If there is suspicion of the presence of collaterals, there are a few questions that require consideration. Location, size, direction of blood flow along with the type of vessels that are connected, and the hemodynamic consequences will determine if percutaneous closure has a beneficial effect in that specific patient.

What is the location of the collateral vessel?
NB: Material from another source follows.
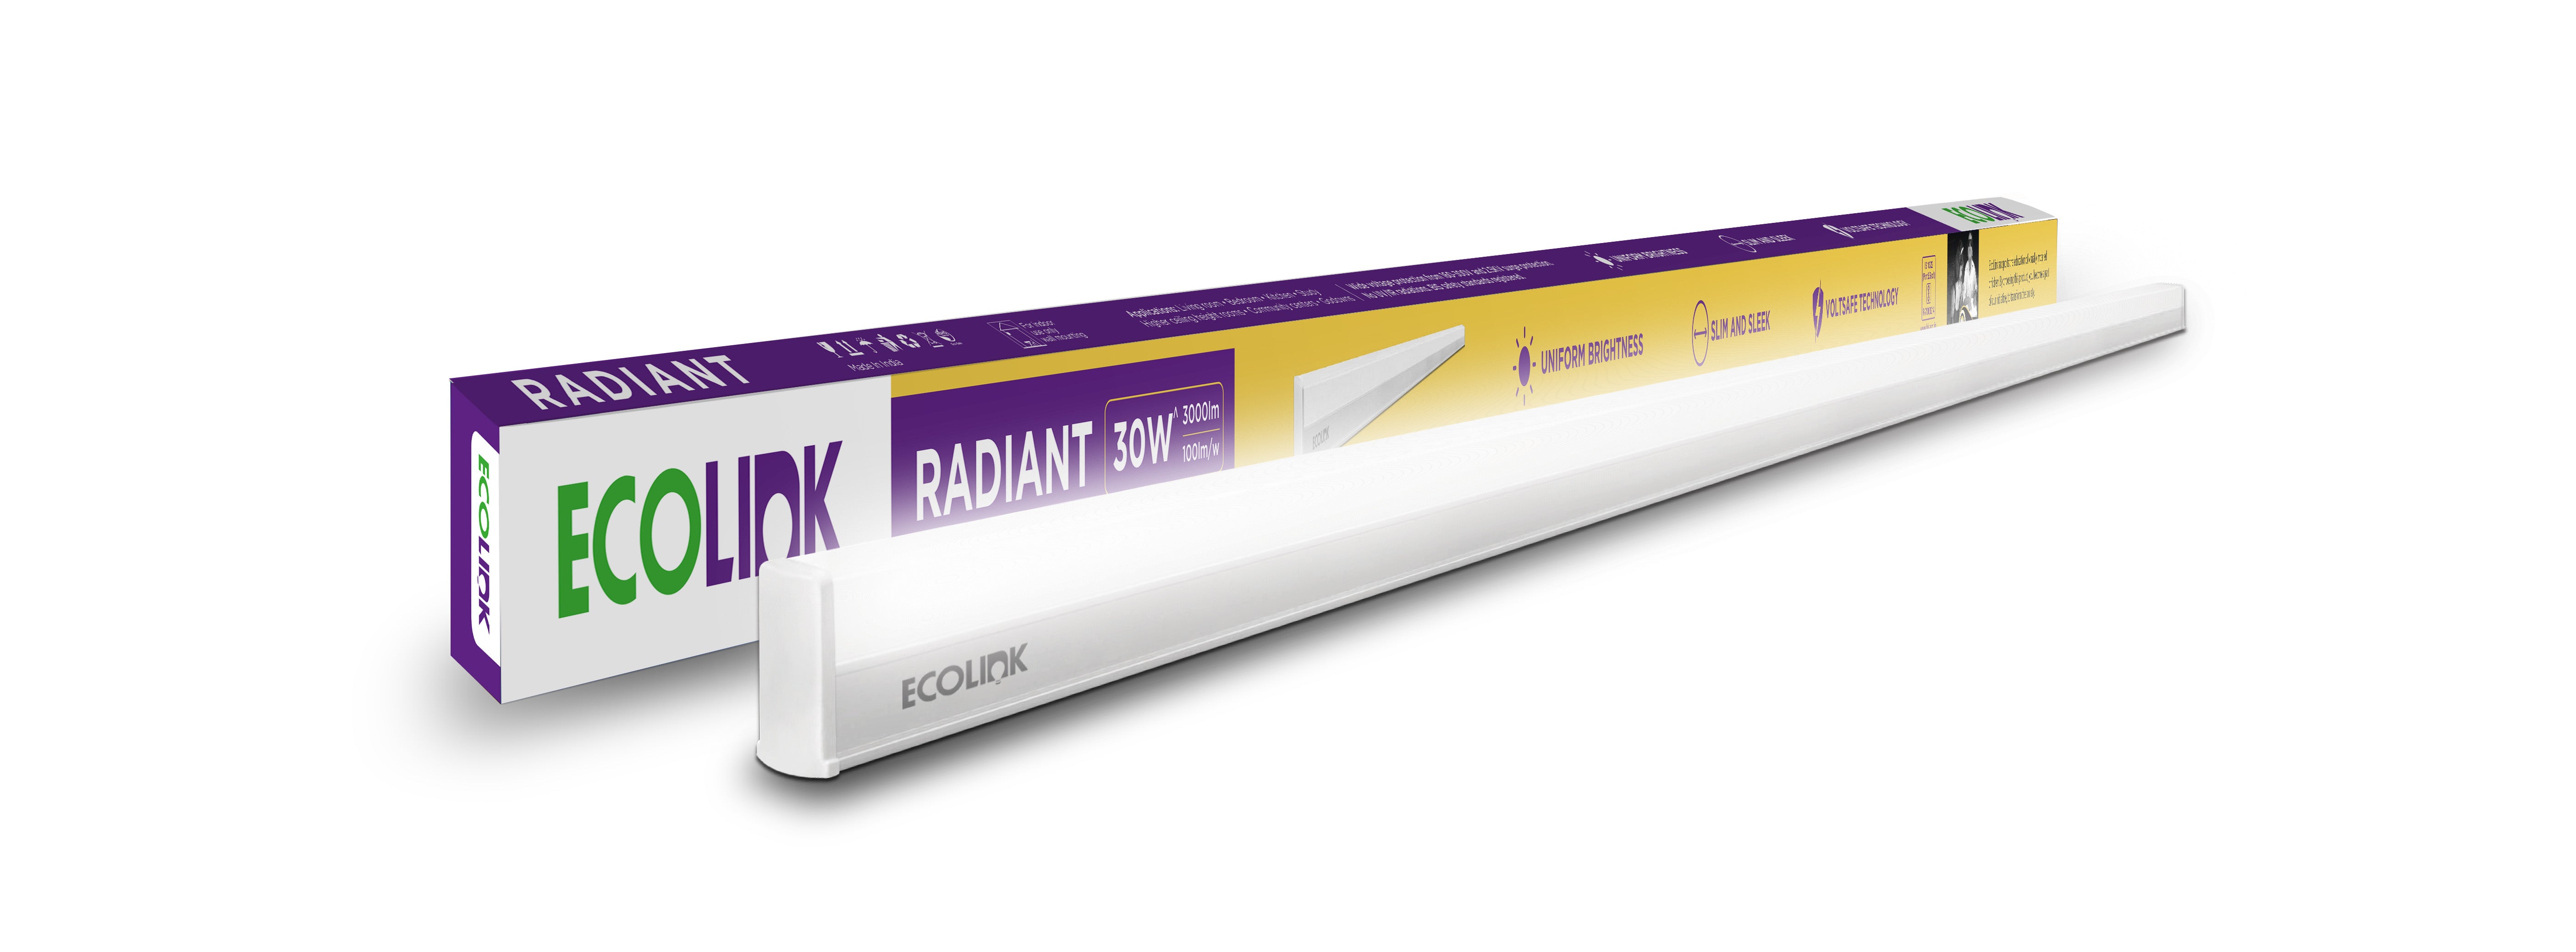 EcoLink Radiant LED Tube light

Collateral blood vessels are found in the extremities, in the abdominal cavity, or in the chest. In congenital heart defects, most collaterals are found within the chest: systemic venous to systemic venous collaterals, systemic venous to pulmonary venous (or pulmonary venous atrium) connections, and pulmonary arterio-venous malformations. Arterio-venous fistula are mainly found in the peripheral extremities whereas aorto-to-pulmonary collaterals are found in the chest. It is important to realize that in some congenital heart defect patients, there may be more than 1 collateral or a combination of types of collaterals.

Although collaterals can be directly visualized using axial imaging, such as cardiac magnetic resonance (CMR) (10,19) or using cardiac computed tomography (CCT) (19,20), careful angiographic evaluation during cardiac catheterization is still the gold standard to assess collateral blood vessels, especially determining their origin and course (Figure 2). Saline contrast echocardiography is less invasive and can be used to detect the presence of right-to-left shunts, more specifically when searched for systemic venous to pulmonary venous collaterals or pulmonary arterio-venous malformations (21). Agitated saline which is injected in a brachial vein, is almost immediately visualizable in the pulmonary venous atrium and suspect the presence of collaterals with a right-to-left shunt.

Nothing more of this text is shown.